Quantifying how key life-history traits respond to climatic change is fundamental in understanding and predicting long-term population prospects. Age at first reproduction, which affects fitness and population dynamics, may be influenced by environmental stochasticity but has rarely been directly linked to climate change. Here, we use a case study from the highly seasonal and stochastic environment in high-arctic Svalbard, with strong temporal trends in breeding conditions, to test whether rapid climate warming may induce changes in age at first reproduction in barnacle geese, Branta leucopsis. Using long-term mark-recapture and reproductive data (1991-2017), we developed a multi-event model to estimate individual age at first reproduction (i.e., goslings produced). The annual probability of reproducing for the first time was negatively affected by population density but only for two-year olds, the earliest age of maturity. Furthermore, advanced spring onset positively influenced the probability of reproducing and even more strongly the probability of reproducing for the first time. Thus, because climate warming has advanced spring onset by two weeks, this likely led to an earlier age at first reproduction by more than doubling the probability of reproducing at two-years old. This may, in turn, impact important life-history trade-offs and long-term population trajectories.

Methods

Long-term individual mark recapture, based on multiple observations per year from 1991-2017.
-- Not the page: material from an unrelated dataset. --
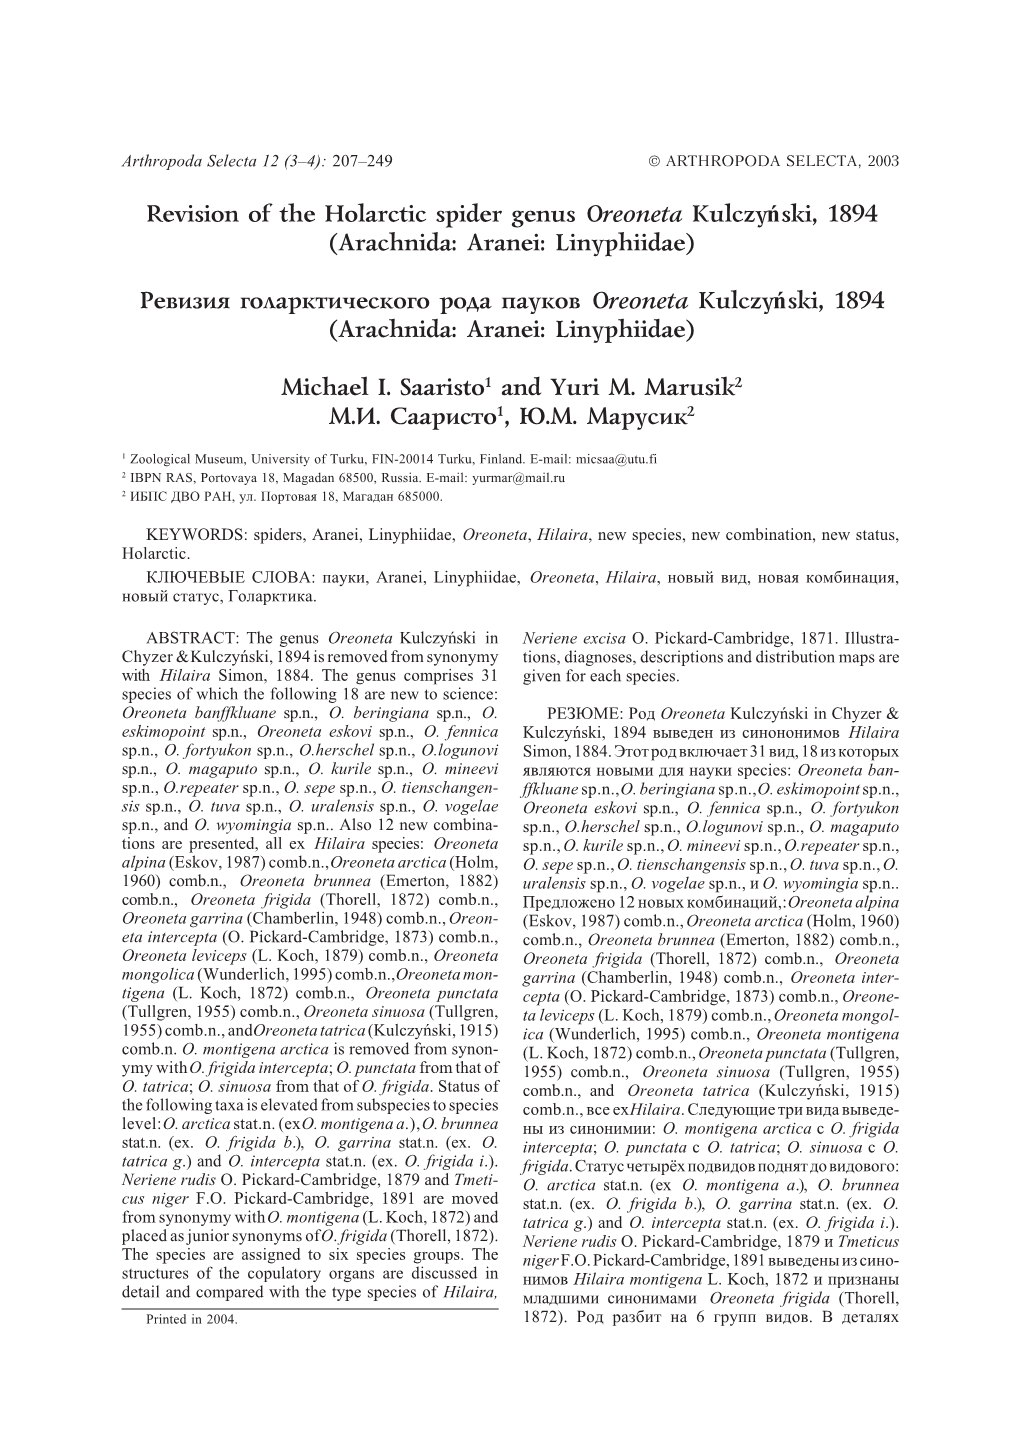 Revision of the Holarctic Spider Genus Oreoneta Kulczyński, 1894
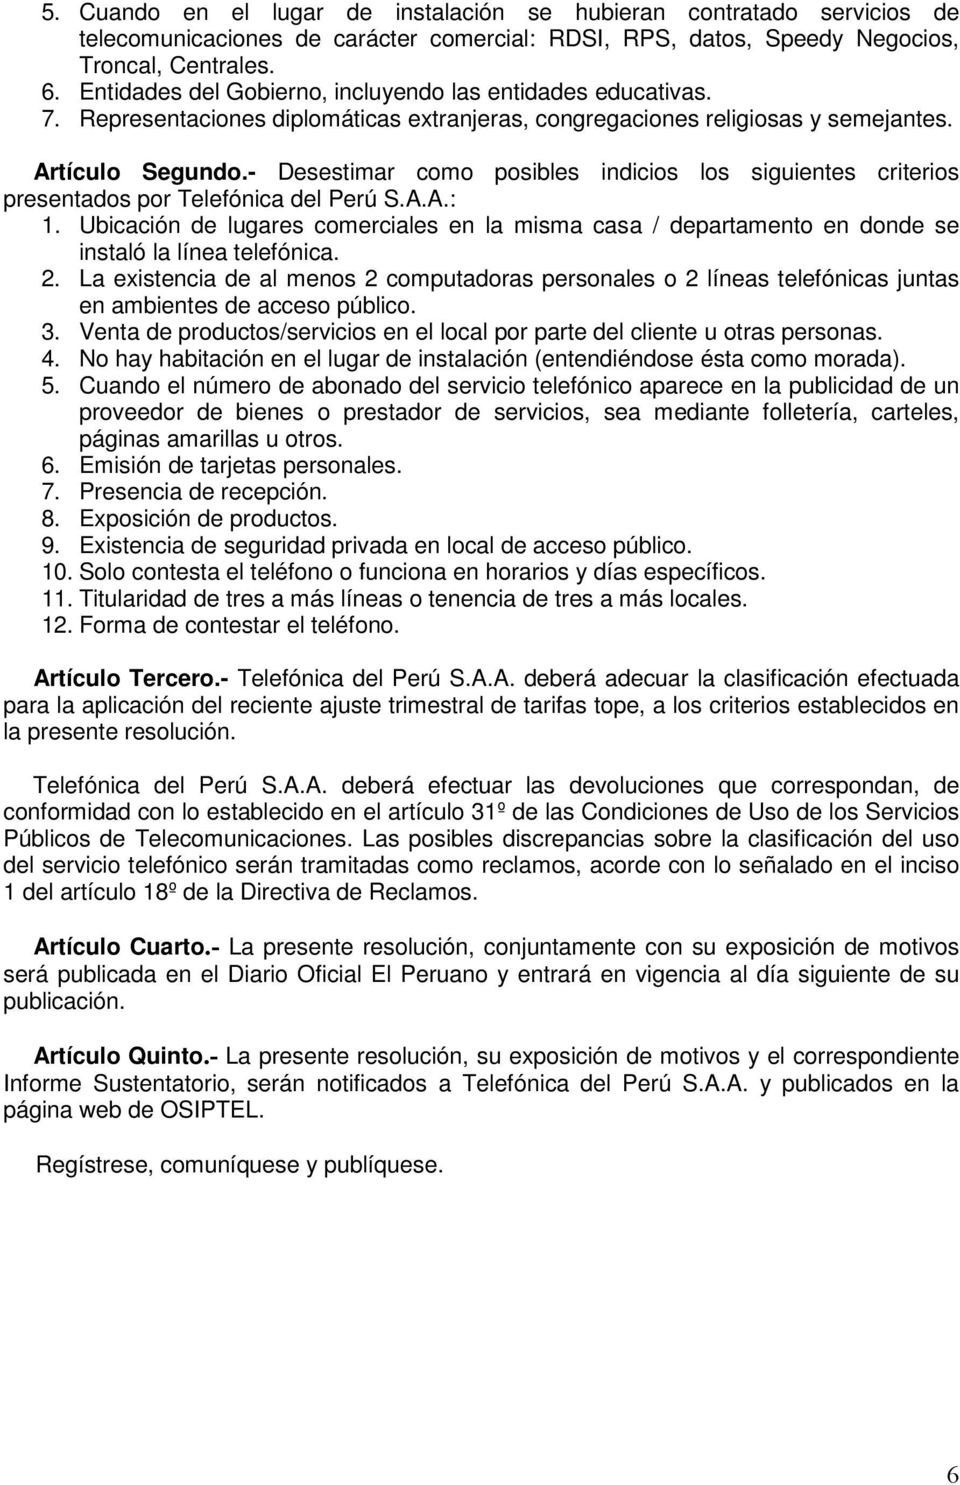 - Desestimar como posibles indicios los siguientes criterios presentados por Telefónica del Perú S.A.A.: 1.

Covariates used as predictors in the model.

Usage notes

File (1) Individual histories of female barnacle geese over a 27-year study period (1990-2017). 2 =status breeding (observed with goslings), 1 = observed without goslings and 0 = not observed. Individuals histories were fitted with a multi-event model in E-SURGE to model the transitions probilities among states, the multi-event framework allows for estimation of state uncertainty i.e., whether a female was a pre-breeder (never bred before) or a non-breeder.

 

File (1) Scaled covariates, timing of spring onset (SO) and adult population size (POP) used as predictors in the multi-event model.

Model implementation can be found in the supplementary informatoin along with the manuscript.